§ What is being asked: What you return must match the listing below character for character, minus any pictures.

§ Given material:
________

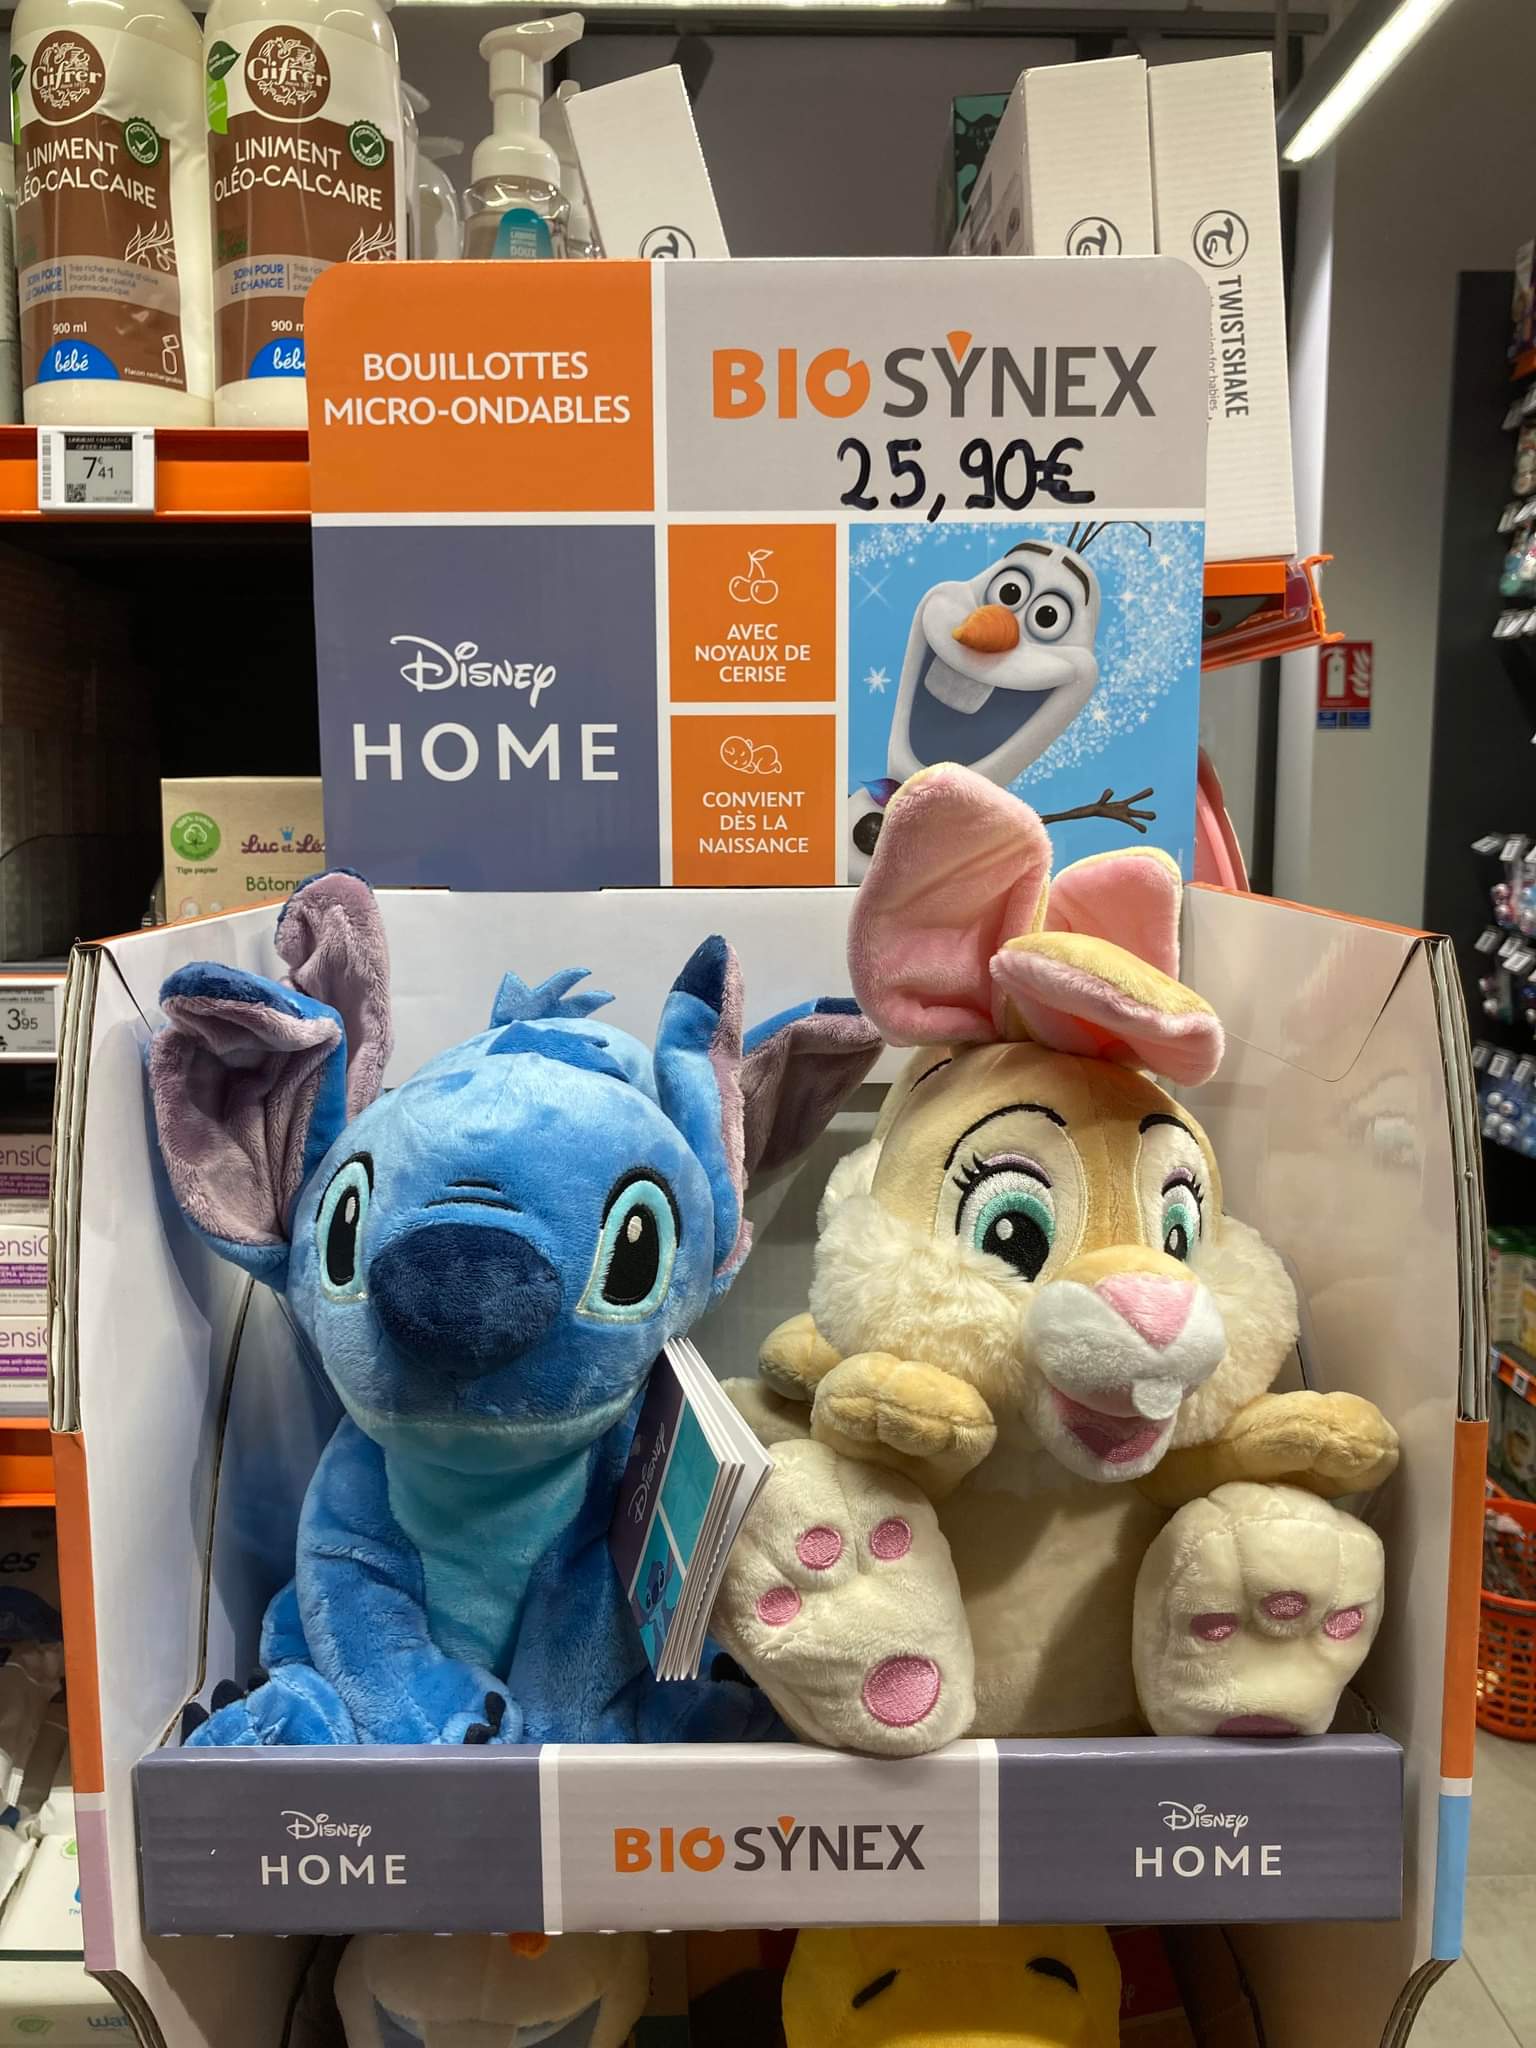 Disneyphile on X: Petites trouvailles en pharmacie, ces adorables  bouillottes peluches Disney de Biosynex.  / X
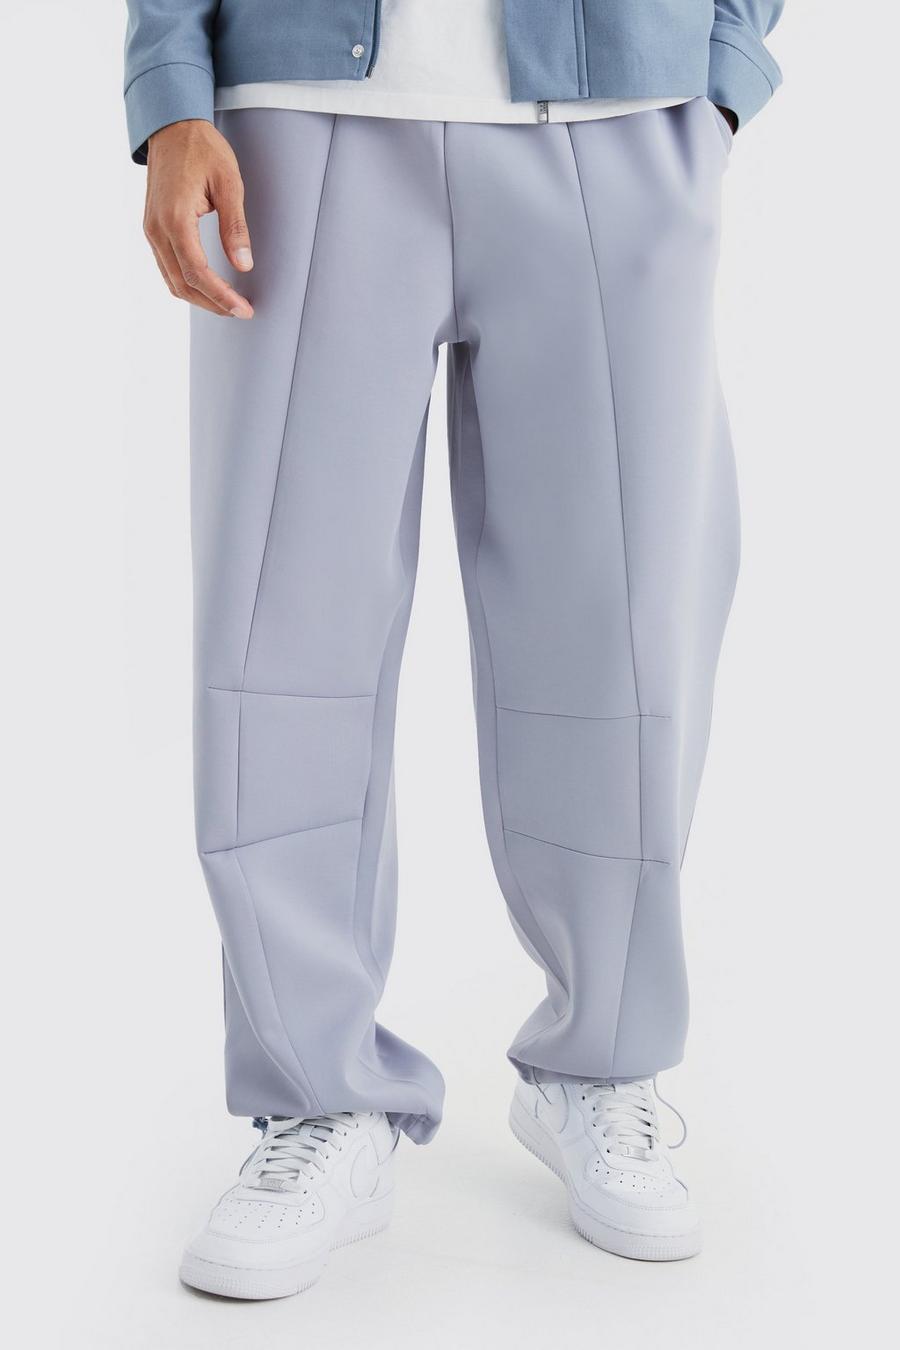 Pantalón deportivo oversize de scuba con detalle de costuras, Light grey grigio
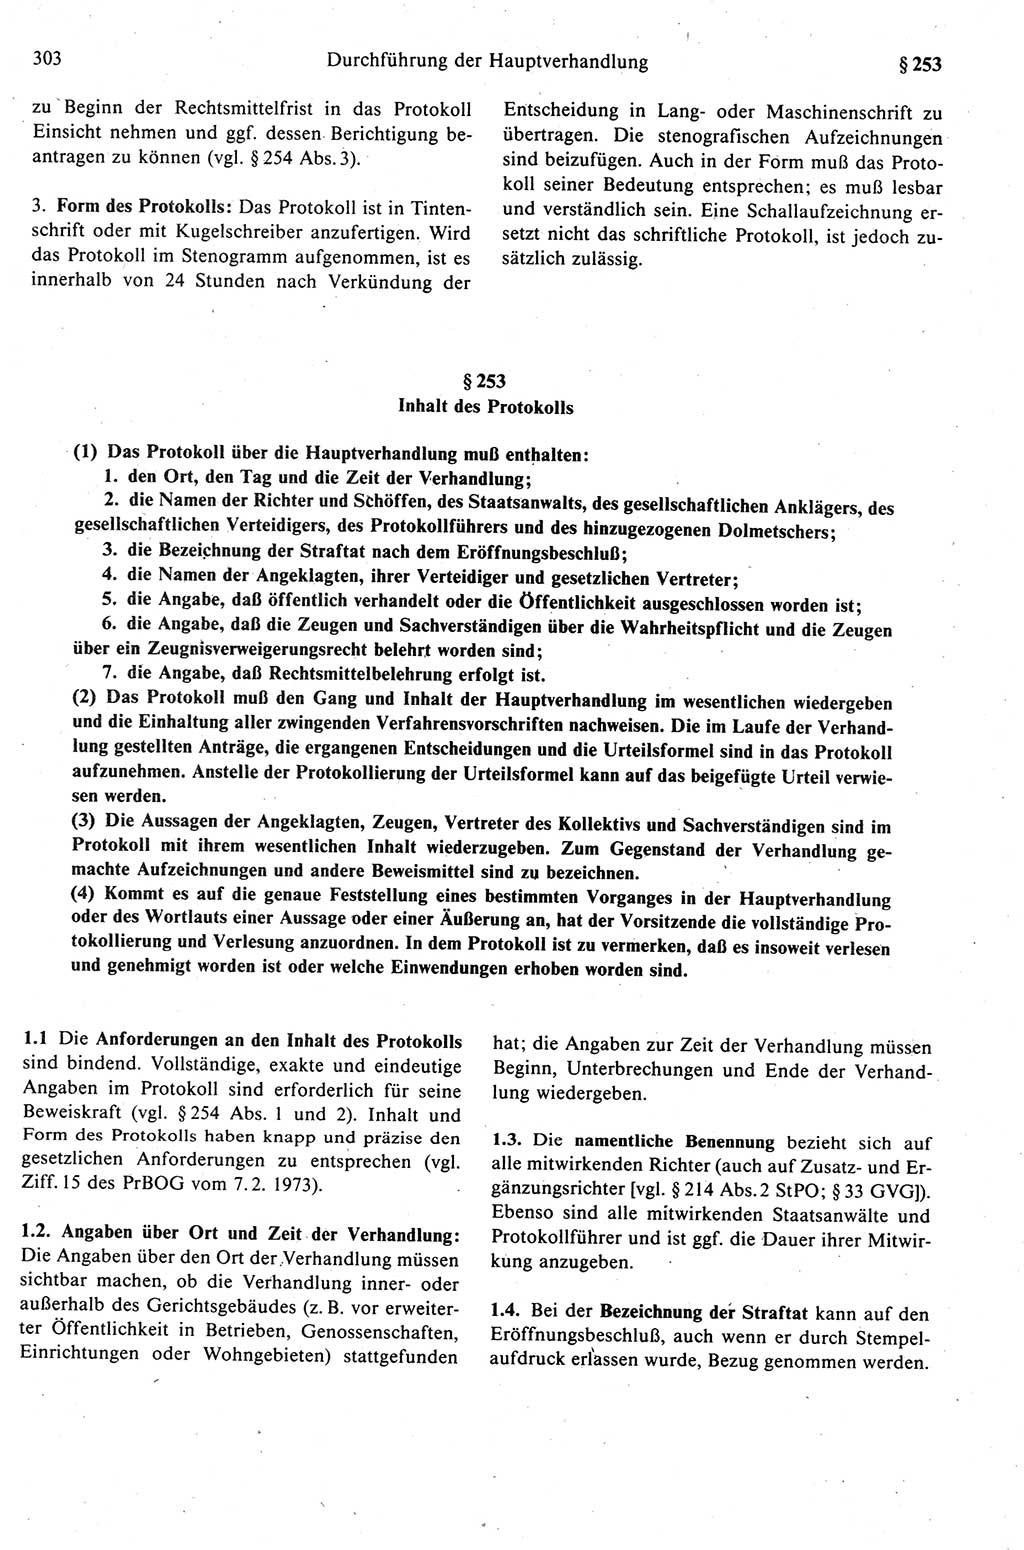 Strafprozeßrecht der DDR (Deutsche Demokratische Republik), Kommentar zur Strafprozeßordnung (StPO) 1989, Seite 303 (Strafprozeßr. DDR Komm. StPO 1989, S. 303)
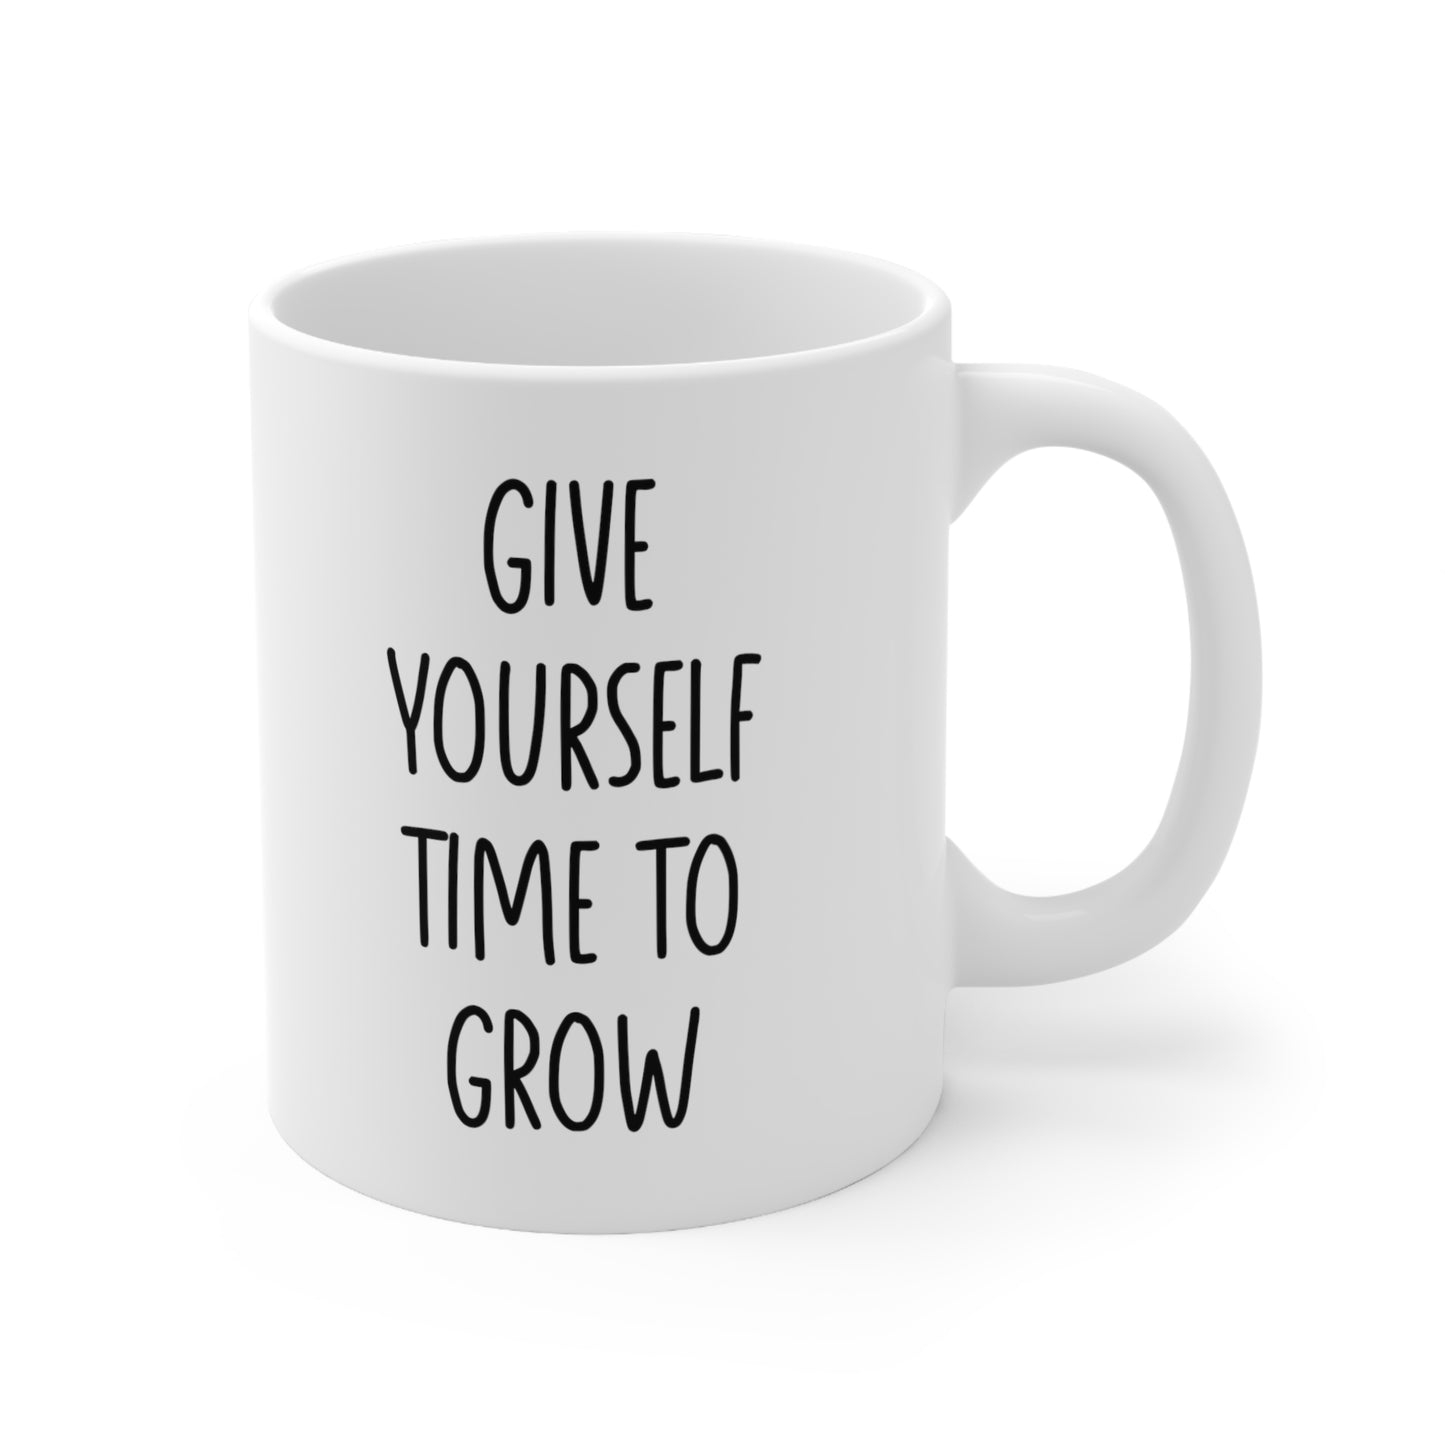 Give Yourself Time to Grow Coffee Mug 11oz

________

§ Result of this task:
 Disneyphile on X: Petites trouvailles en pharmacie, ces adorables  bouillottes peluches Disney de Biosynex.  / X
 Pantalón deportivo oversize de scuba con detalle de costuras, Light grey grigio
 Strafprozeßrecht der DDR (Deutsche Demokratische Republik), Kommentar zur Strafprozeßordnung (StPO) 1989, Seite 303 (Strafprozeßr. DDR Komm. StPO 1989, S. 303)
 Give Yourself Time to Grow Coffee Mug 11oz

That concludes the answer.